Darker roasted beans will be more caramelised, so the sweeter/bitter (potentially) less fruity/acidic properties will be more apparent.

Generally!

Does that help?

Regards


----------



## gcogger (May 18, 2013)

I drink brewed coffee rather than espresso, but I find that the light to medium roasts make me feel very slightly queasy. Maybe try a much darker roast (I'd recommend Coffee Compass) and see if it helps?


----------



## foundrycoffeeroasters.com (Jun 19, 2014)

aphelion said:


> Yep, beans will differ in their acidity levels.
> 
> However, much of what you get in the cup will depend on other factors (roast, brewed method, technique, extraction, temperature etc)
> 
> ...


If agree with the reply above but would add that acidity is a fairly subjective thing in some ways and as with most things, there is acidity that enhances the coffee and acidity that detracts from it.
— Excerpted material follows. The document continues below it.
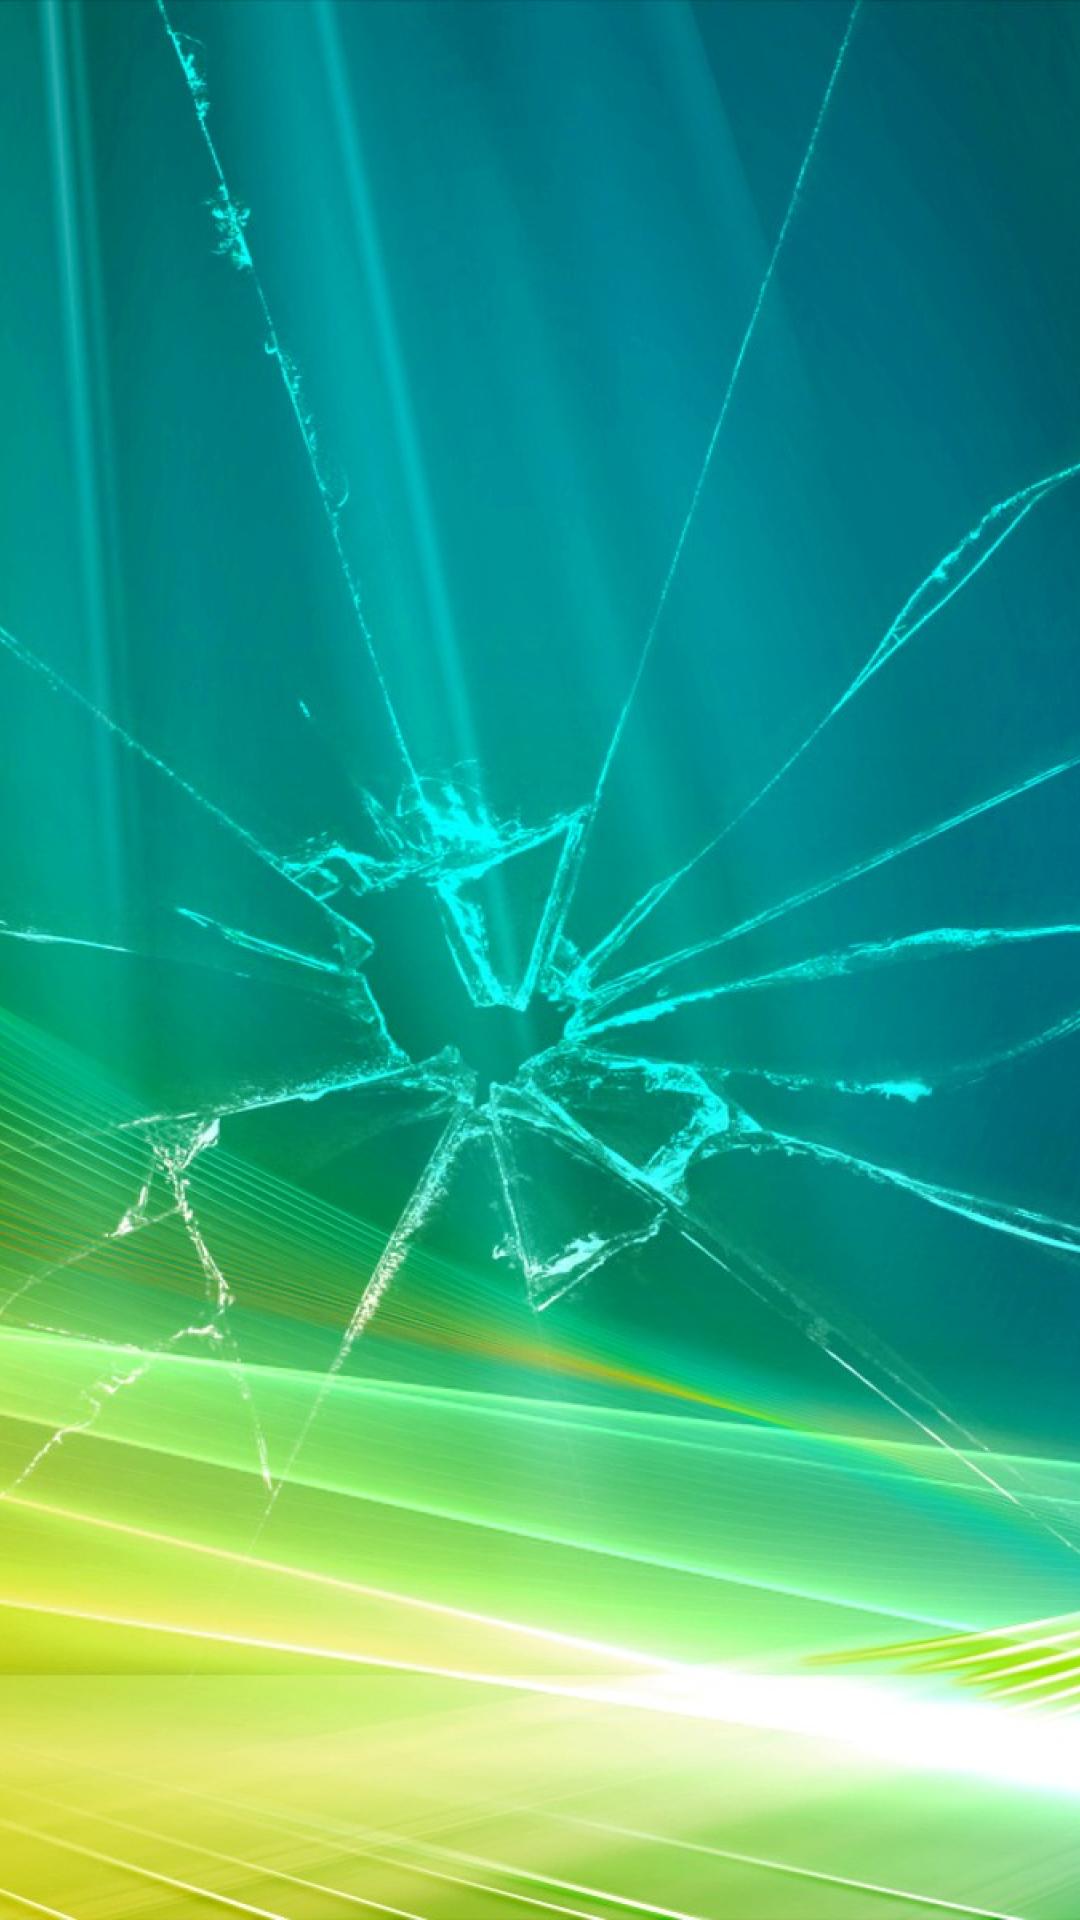 vidrio roto fondo de pantalla para iphone,verde,azul,turquesa,agua,línea

It needs to be roasted properly and brewed properly. When both things have happened, acidity can be a really wonderful thing!


----------



## jeebsy (May 5, 2013)

foundrycoffeeroasters.com said:


> When both things have happened, acidity can be a really wonderful thing!


----------



## foundrycoffeeroasters.com (Jun 19, 2014)

Well yes, exactly.


----------



## hotmetal (Oct 31, 2013)

On my thread about caffeine-induced nausea a week or so ago there were some learnèd responses that indicate that coffee can actually cause acid problems in your stomach over and above the actual acidity present in the coffee itself (if I understood this correctly).


----------



## Wando64 (Feb 28, 2011)

hotmetal said:


> On my thread about caffeine-induced nausea a week or so ago there were some learnèd responses that indicate that coffee can actually cause acid problems in your stomach over and above the actual acidity present in the coffee itself (if I understood this correctly).


I agree.

Suffering from the occasional reflux problem and having looked into how this can be worsened by coffee, my understanding is that coffee *can* be a trigger in some people.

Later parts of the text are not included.